Jay Jackson, co-auteur de l’étude du Conseil des consommateurs du Canada

Les deux auteurs concluent que les consommateurs canadiens profiteraient fortement du procédé des super-plaintes. Minimalement, ce mécanisme est très efficace pour sensibiliser les médias aux pratiques déloyales des entreprises. Même quand les autorités réglementaires décident de ne pas donner suite à une super-plainte, écrivent les auteurs, la couverture médiatique finit par brasser la cage au point que les autorités se sentent obligées de réagir.

Le rapport a également examiné de près le cas d’une super-plainte déposée par le groupe de défense des droits des consommateurs Citizens Advice qui dénonçait l’augmentation des coûts des contrats de service à long terme, un phénomène appelé « pénalité de fidélisation » (« loyalty penalty »). La plainte était motivée par le fait que les assureurs augmentent constamment la prime des clients fidèles, alors que les nouveaux clients profitent systématiquement de meilleurs tarifs.

L’association citait le cas d’un client de longue date qui payait son assurance habitation trois fois plus cher que les nouveaux clients, alors que leur police était identique ! Citizens Advice a démontré que les clients fidèles se font ainsi « arnaquer » aussi bien dans les plans de téléphonie cellulaire que pour les hypothèques ou les services bancaires. Les autorités, qui ont reçu la super-plainte, devront bientôt se prononcer sur la question.

Outre leur poids devant les autorités, les super-plaintes ont l’avantage, selon les auteurs, de décharger les consommateurs d’une lourde responsabilité. Après tout, les individus n’ont bien souvent ni le temps ni les ressources nécessaires pour déposer une plainte et la mener à bien. Quand ils ne craignent pas carrément la réaction de l’entreprise ou de tout le secteur !

 

Les Canadiens sont-ils prêts ?

Les auteurs du rapport ont commandé un sondage en ligne auprès de 2 000 Canadiens, lesquels se révèlent très favorables au processus des super-plaintes. Au total, 91 % des répondants sont convaincus que les différents ordres de gouvernement et les agences de protection des consommateurs devraient collaborer à l’expérimentation de mécanismes de traitement des plaintes plus inclusifs et interactifs.

Les Canadiens en ont bien besoin, concluent les coauteurs.
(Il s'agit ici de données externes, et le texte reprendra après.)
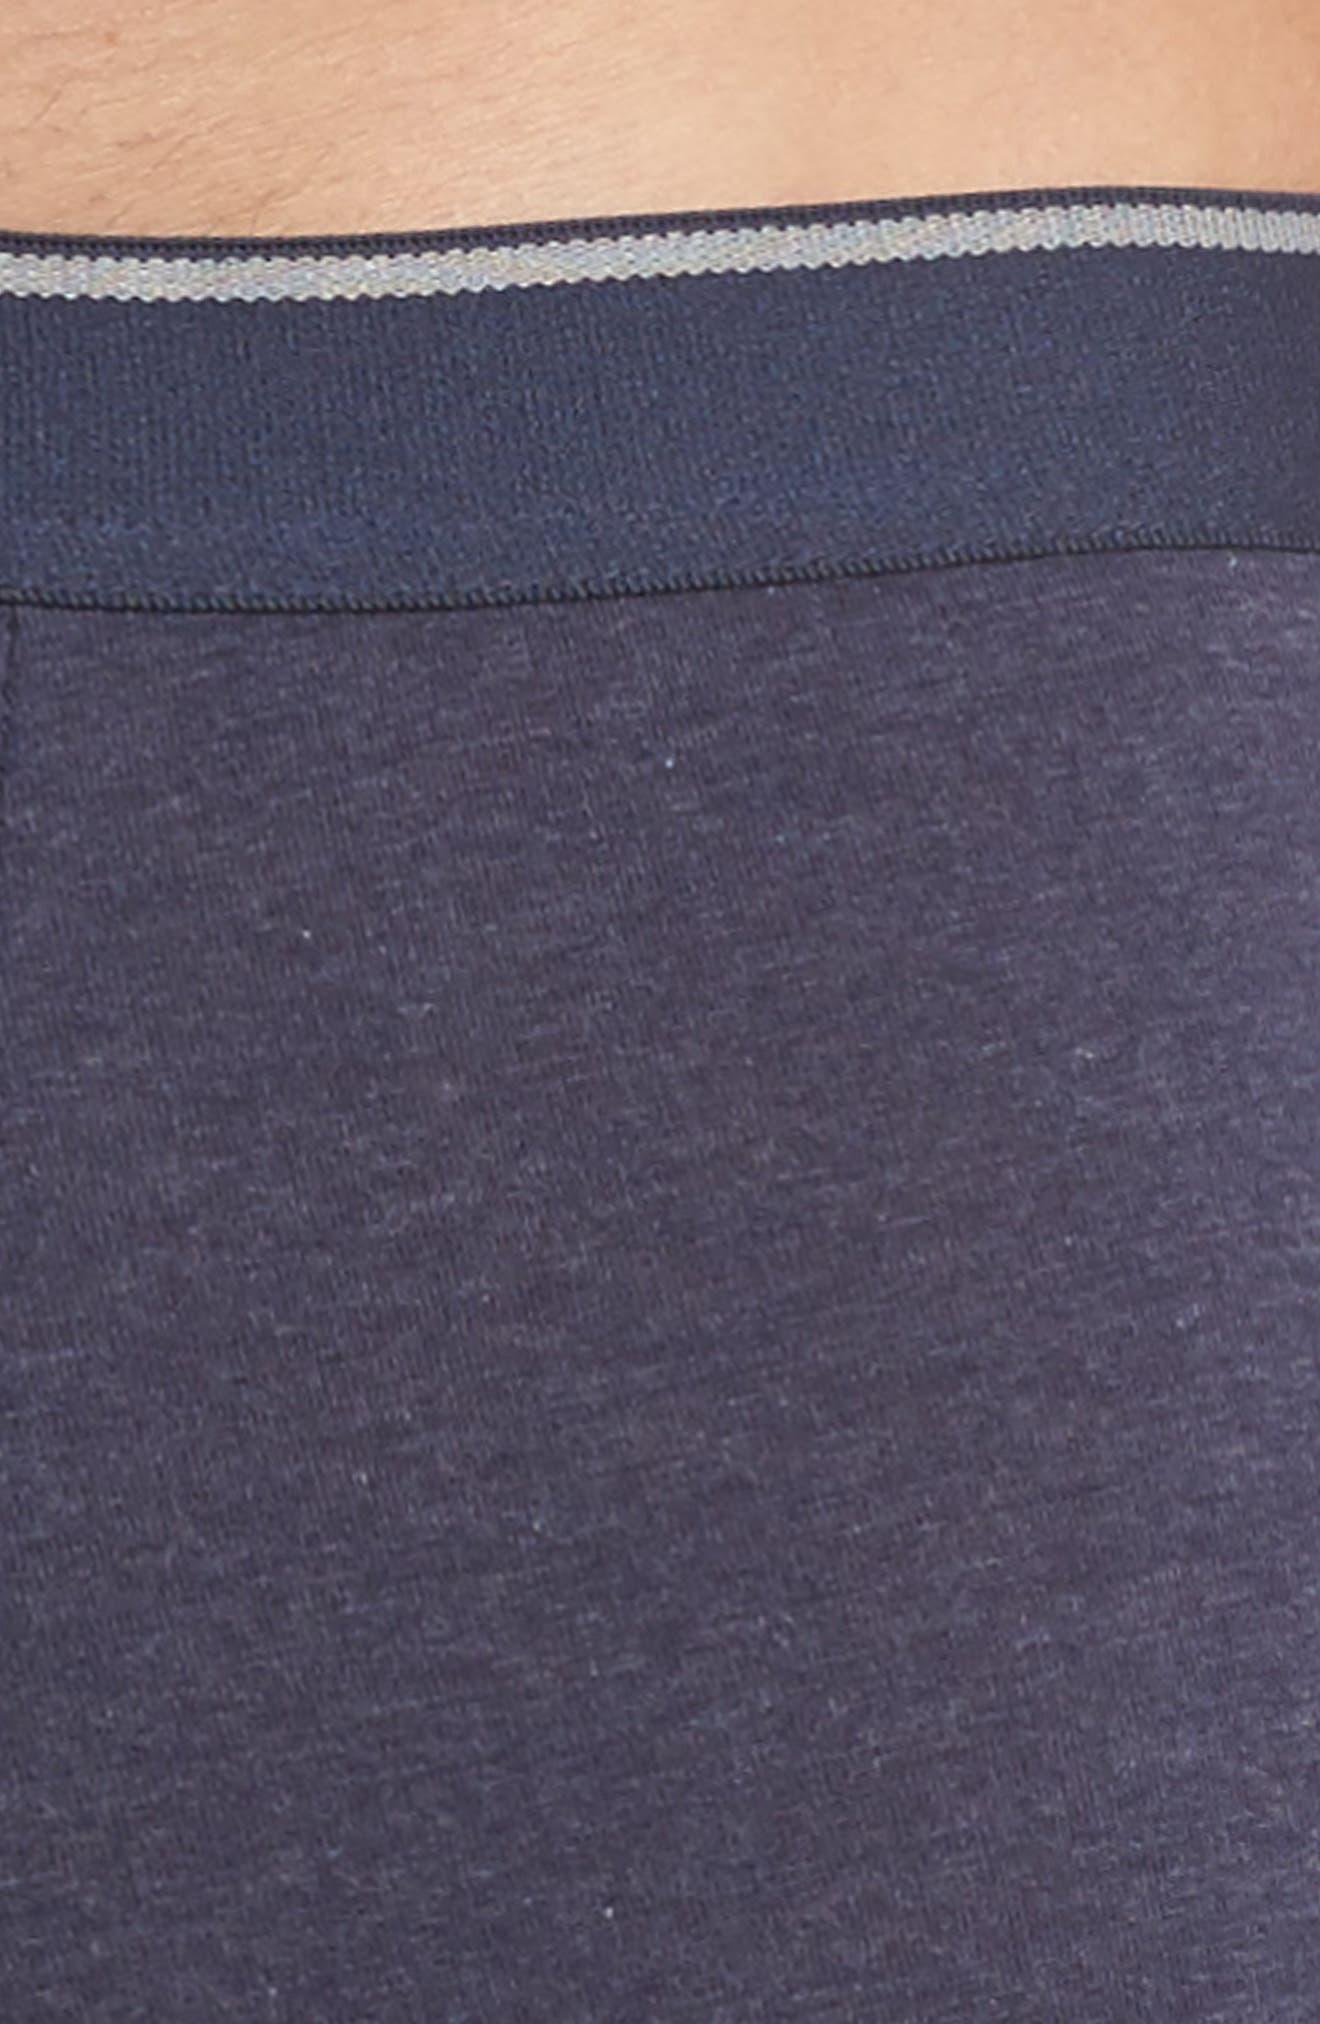 3-Pack Stretch Cotton Boxer Briefs,                             Alternate thumbnail 15, color,

Il existe au pays plusieurs organismes ayant pour mandat d’aider les consommateurs à déposer des plaintes portant sur des cas individuels, notamment l’organisme Normes de la publicité, la Commission des plaintes relatives aux services de télécom-télévision (CPRST) et l’Agence de la consommation en matière financière du Canada (ACFC). Pourtant, constate le rapport, les consommateurs ont peu confiance en la capacité de ces structures à entendre leurs plaintes. Les auteurs écrivent : « Les consommateurs jugent que l’efficacité des gestionnaires de plaintes au sein des gouvernements demeure discutable. »
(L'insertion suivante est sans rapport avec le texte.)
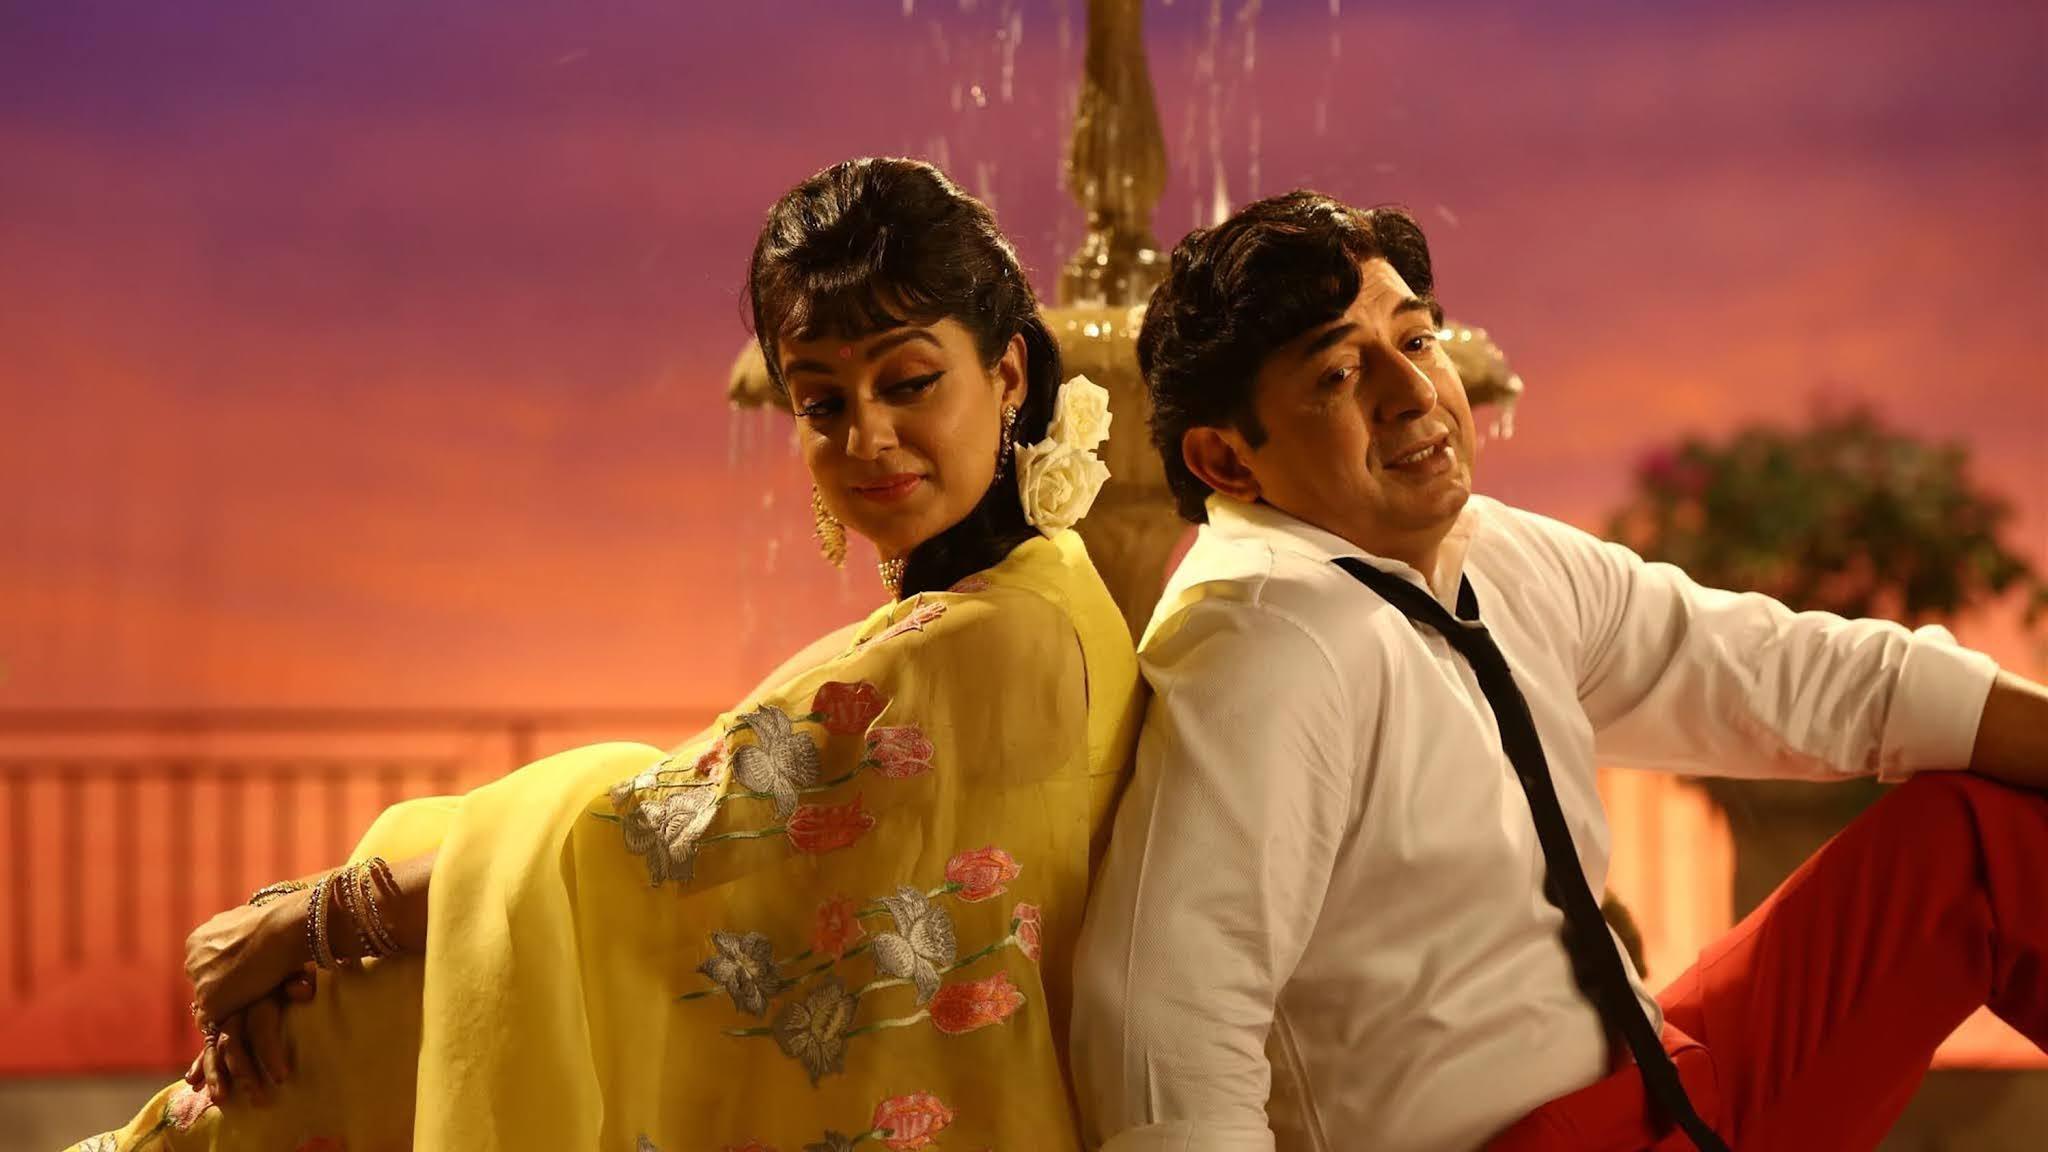 Jayalalithaa dan MGR diperankan oleh Kangana Ranaut dan Arvind Swami

Selon le rapport, une autre tendance inquiétante qui se dessine au Canada rend encore plus urgente la nécessité d’un meilleur mécanisme de traitement des plaintes. Depuis plusieurs années, les agences gouvernementales appliquent de moins en moins leur propre réglementation. Les auteurs notent que les inspections gouvernementales et le personnel qui réalise celles-ci sont réduits dans des secteurs où le consommateur dispose de très peu de moyens. Ils mentionnent en guise d’exemples la sécurité alimentaire, la sécurité des véhicules commerciaux et la sécurité aérienne. C’est ce qu’un expert cité appelle « la réglementation sans application de la loi ».

Certaines agences canadiennes, comme le Bureau de la concurrence, ont presque complètement abandonné les activités de conformité et d’inspection proactives dans des domaines où l’on ne peut raisonnablement attendre des consommateurs qu’ils se protègent eux-mêmes. »

Jay Jackson

Les obstacles à surmonter

Bien qu’un système de super-plainte puisse être la bonne solution pour les Canadiens, les auteurs ont repéré un certain nombre d’obstacles qui devraient être surmontés avant qu’un tel système puisse être mis en place. Le premier est le peu de moyens des groupes de consommateurs selon un expert consulté, le mécanisme des super-plaintes mobilise énormément de ressources. L’association peut mettre des mois à monter un dossier solide.

Au Royaume-Uni, les associations de consommateurs reçoivent un soutien financier substantiel du gouvernement pour soutenir les consommateurs. Ce n’est pas le cas au Canada. »

Jay Jackson

De plus, notent les auteurs, les gouvernements devraient collaborer plus efficacement avec les organismes de consommateurs, ce qui leur permettrait d’être plus à même de protéger la population. Les gens « ont une grande confiance dans la compétence des associations de consommateurs en matière de plaintes », dit Jay Jackson, ajoutant que celles-ci perçoivent plus nettement les enjeux que les gouvernements ou les régulateurs.

Les auteurs sont convaincus que tous tireraient profit d’une réorganisation du mécanisme des plaintes au Canada. « Les consommateurs sont bien mieux servis quand les gouvernements et des associations impartiale à but non lucratif unissent leurs forces, soutient Jay Jackson. En mettant au point un système de super-plaintes et la législation qui le rend possible, les gouvernements signaleraient aux associations désignées qu’elles sont des partenaires importants et légitimes pour garantir un marché équitable aux consommateurs. »

Ainsi, même si les super-plaintes ne seront jamais une solution miracle, elles sont susceptibles d’offrir aux consommateurs canadiens la promesse d’un avenir plus équitable.

L’étude

Publiée en avril 2019 par le Conseil des consommateurs du Canada, l’étude Les « super-plaignants ». Une participation accrue du public au traitement des plaintes des consommateurs par le gouvernement est signée par Jay Jackson, analyste des politiques, et Kenneth Whitehurst, directeur général.

L’étude comprend un sondage web réalisé par Environics Research Group auprès de 2 000 Canadiens et portant sur leurs attitudes à l’égard du traitement des plaintes, une analyse documentaire des pratiques existantes et des entretiens avec des intervenants informés en matière de mécanismes de traitement des plaintes des consommateurs. Les auteurs donnent un aperçu des mécanismes existants, tout en mettant l’accent sur le système des « super-plaintes » élaboré au Royaume-Uni. Ils prennent note des points de vue des consommateurs sur l’efficacité des mécanismes actuels de traitement des plaintes au Canada, incluant l’autorégulation.

Le rapport conclut qu’un mécanisme de super-plaintes peut améliorer grandement la protection des consommateurs, mais qu’il faudra des efforts soutenus pour le mettre en place. Les auteurs recommandent que le Canada s’applique à rendre le marché équitable et concurrentiel en introduisant « de ces systèmes tiers de traitement des plaintes des consommateurs largement accessibles et interactifs ». Les auteurs recommandent aussi que les divers ordres de gouvernement et leurs organismes de réglementation établissent une relation plus significative avec les associations de consommateurs. Et, ajoutent-ils, qu’ils voient s’il y a lieu à « institutionnaliser la fonction de représentation des consommateurs et l’inclure dans les processus de gestion des plaintes des consommateurs ».